View and boolean indexing

This old thread brought up an important question about why view(x,boolean_indices) is slow. One reply said “So the TLDR is: Mixing views and logical indices is currently no good.”

It seems to be that we still have this issue. Any updates?

How could it be fast? If y = view(x,boolean_indices) does not allocate an index array (which is what it does), how could you get y[i] without looping sequentially through x? And the combination of allocating an index array and doing a double indirection on every getindex seems almost guaranteed to be slow…

Thanks. Probably deserves a comment in the docs. (Maybe there is one, but it has so far escaped me.)

For my type of applications (statistics, where some obs are invalid and flagged by a bool), this means that view() isn’t very interesting. That’s OK, although it causes some issues in a threaded setting (where allocations are particularly bad, it seems).

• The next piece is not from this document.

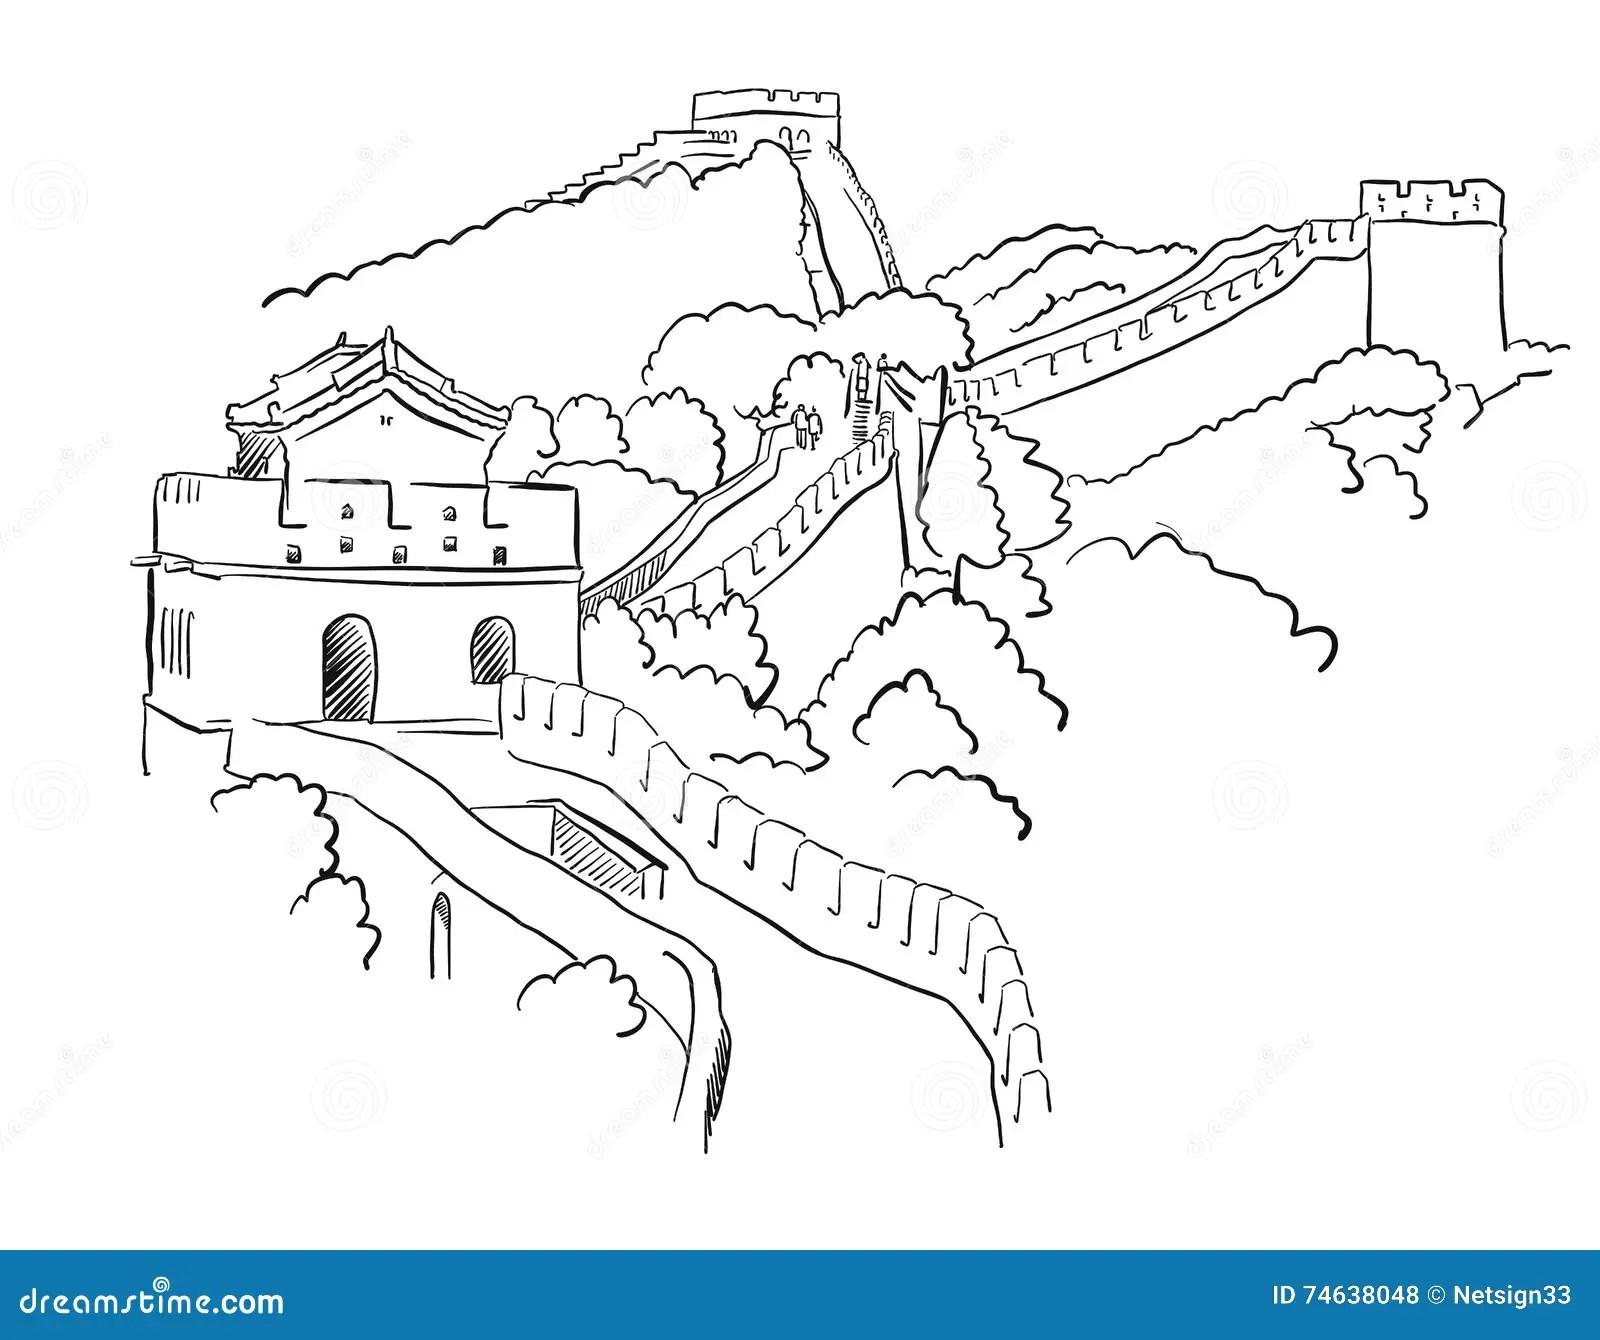 Vektor Skizze China Chinesischer Mauer Vektor Abbildung

On 2nd thought, I realise that view(x::Matrix,inds,:) is actually very useful even if inds is a bitvector. Relatively small allocations (essentially the same as for a vector x) and quick.

If you need consecutive array-like indices, there’s no way around allocating an index array — that’s what view() does.

If you only need iteration, and no indexing at all, Iterators.filter() can help.

If you do need indexing, and keeping the same indices as in the original array is fine, look at allocation-free skip():

julia> using Skipper

julia> data = [
    (val=1, isbad=false),
    (val=2, isbad=true),
    (val=3, isbad=false)
]

julia> data_good = skip(x -> x.isbad, data)

julia> length(data_good)
2

julia> collect(eachindex(data_good))
2-element Vector{Int64}:
 1
 3

julia> data_good[3]
(val = 3, isbad = false)
2 Likes